Discourse needs to find way to limit itself to the LLM configuration parameters and show problems on the admin dashboard.

Are you confusing request tokens with response tokens?

413 means that your request was too large, not your requested response.

To handle that you want to tweak the Context window LLM configuration, but I’d warn that 8k tokens is way too small nowadays. It will work for some features, but it’s not exactly something we exercize much nowadays when LLMs are handling 1M token long context windows. I can run a 256k context window on my desktop PC using a model that is much better than the one you are using.

The context windows is set to 130k

But that brings me back to the same issue. The model limit on groq is 131,072; I’ve already made it 130,000. I shouldn’t have to experiment with the limits to figure out how much discourse is sending. Discourse should be able to operate within the limits provided by the LLM configuration

What I don’t understand is why reducing the max output tokens seems to fix the issue. I haven’t made any changes to the context window, just reduced the max output token further and it’s started working and picking up from where it left off.
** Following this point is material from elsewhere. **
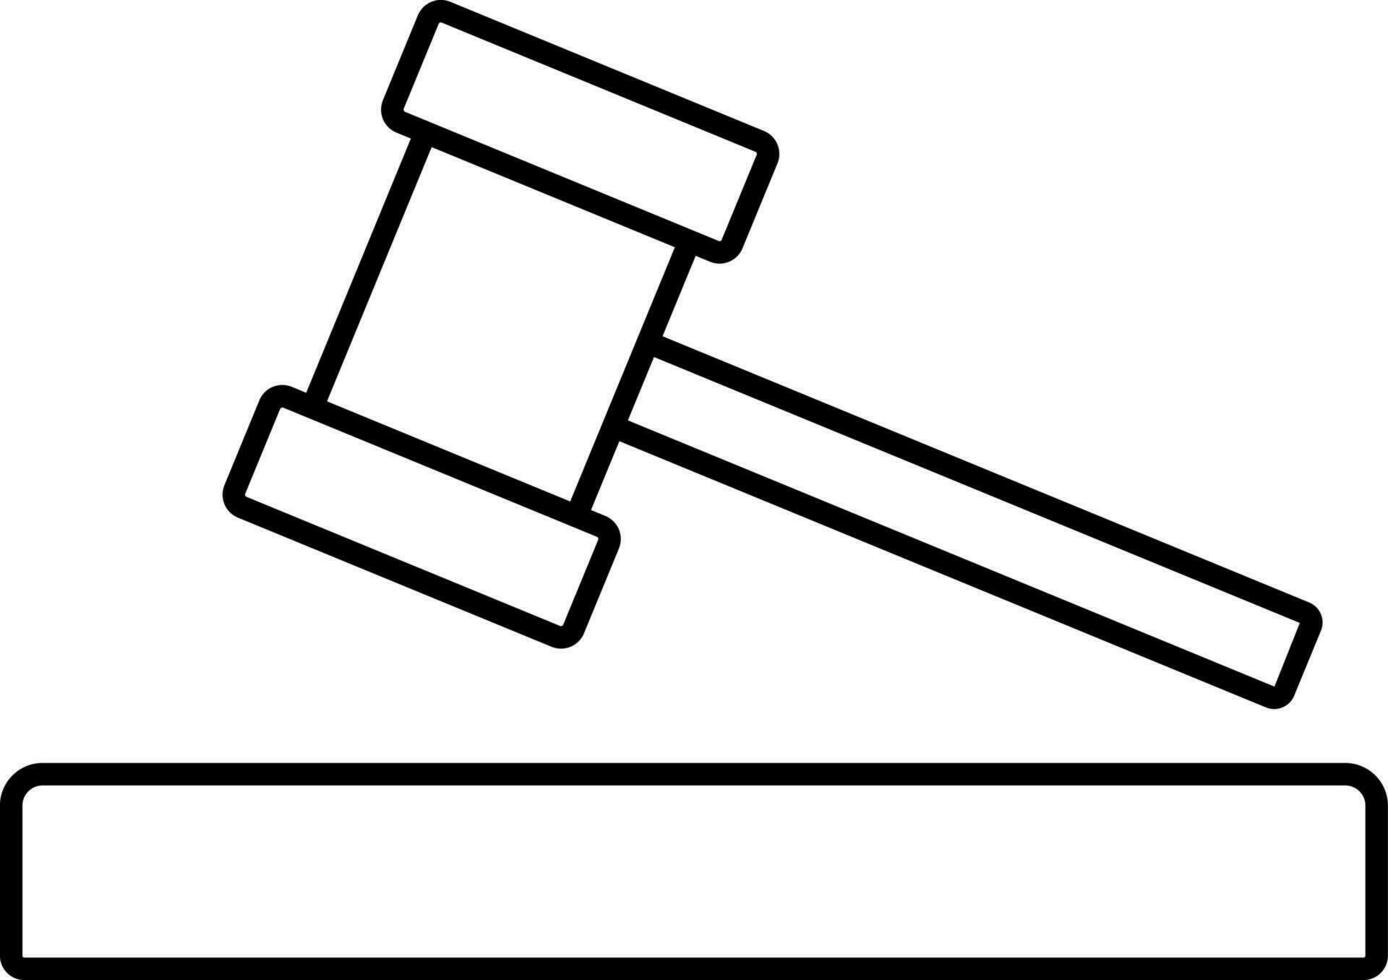 Versteigerung Hammer Zeichen oder Symbol. vektor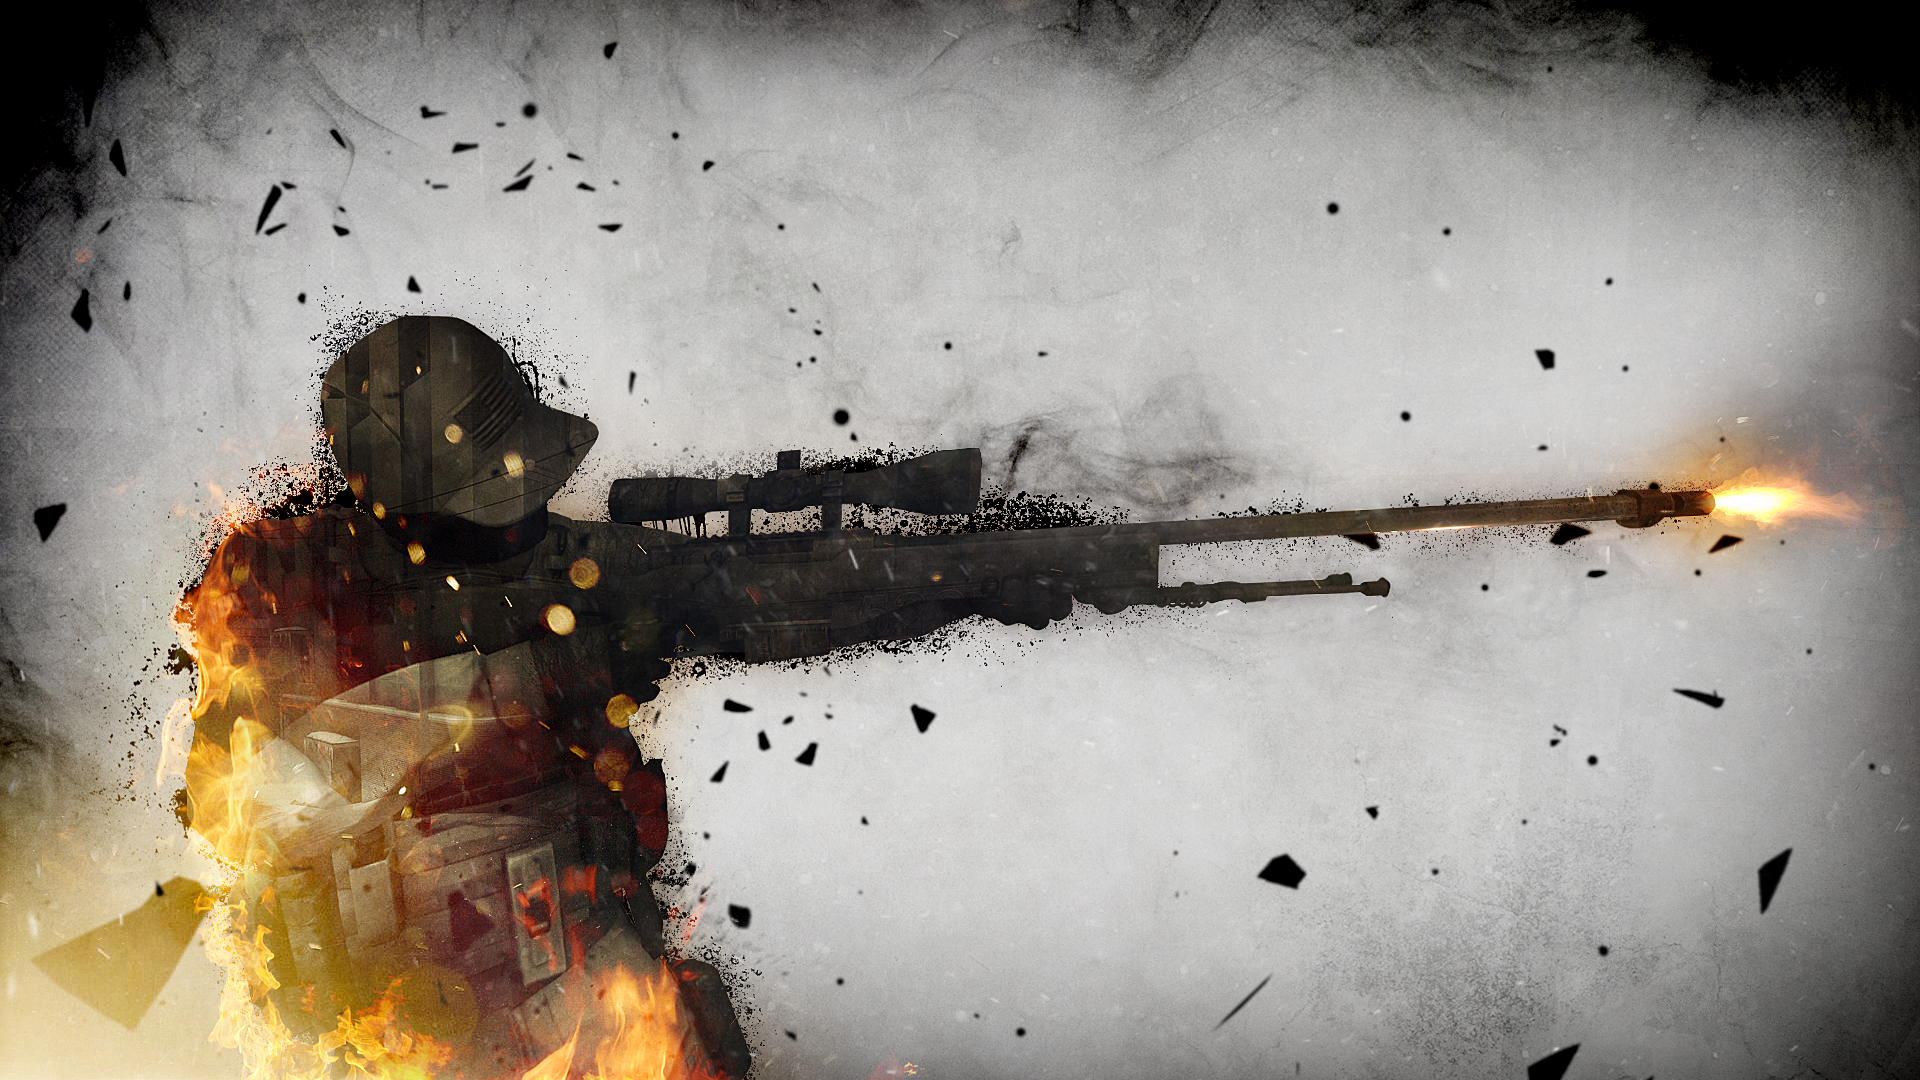 Counter-Strike: Global Offensive Wallpaper – Coliseu Geek

Just FYI the problem first started with the translation service getting stuck and running out of tokens:

DiscourseAi::Completions::Endpoints::OpenAi: status: 429 - body: {“error”:{“message”:“Rate limit reached for model openai/gpt-oss-120b in organization org_01kccx1be8fffaz5sbe17 service tier on_demand on tokens per day (TPD): Limit 200000, Used 193487, Requested 7464. Please try again in 6m50.832s. Need more tokens? Upgrade to Dev Tier today at https://console.groq.com/settings/billing",“type”:“tokens”,“code”:"rate_limit_exceeded”}}

Then I paused the service for 24 hours for the daily rate limits to reset. After restarting it then I noticed this error:

DiscourseAi::Completions::Endpoints::OpenAi: status: 413 - body: {“error”:{“message”:“Request too large for model openai/gpt-oss-120b in organization org_01kccx1be8fffaz5sbe17 service tier on_demand on tokens per minute (TPM): Limit 8000, Requested 8102, please reduce your message size and try again. Need more tokens? Upgrade to Dev Tier today at https://console.groq.com/settings/billing",“type”:“tokens”,“code”:"rate_limit_exceeded”}}

Then I reduced max output tokens from 7000 to 6800 in the LLM configuration and it started working again.

What am I missing here? Are you suggesting it’s related to context window and nothing to do with max output tokens? Just trying to figure out how to match configuration numbers from groq / model limits to discourse LLM configurations.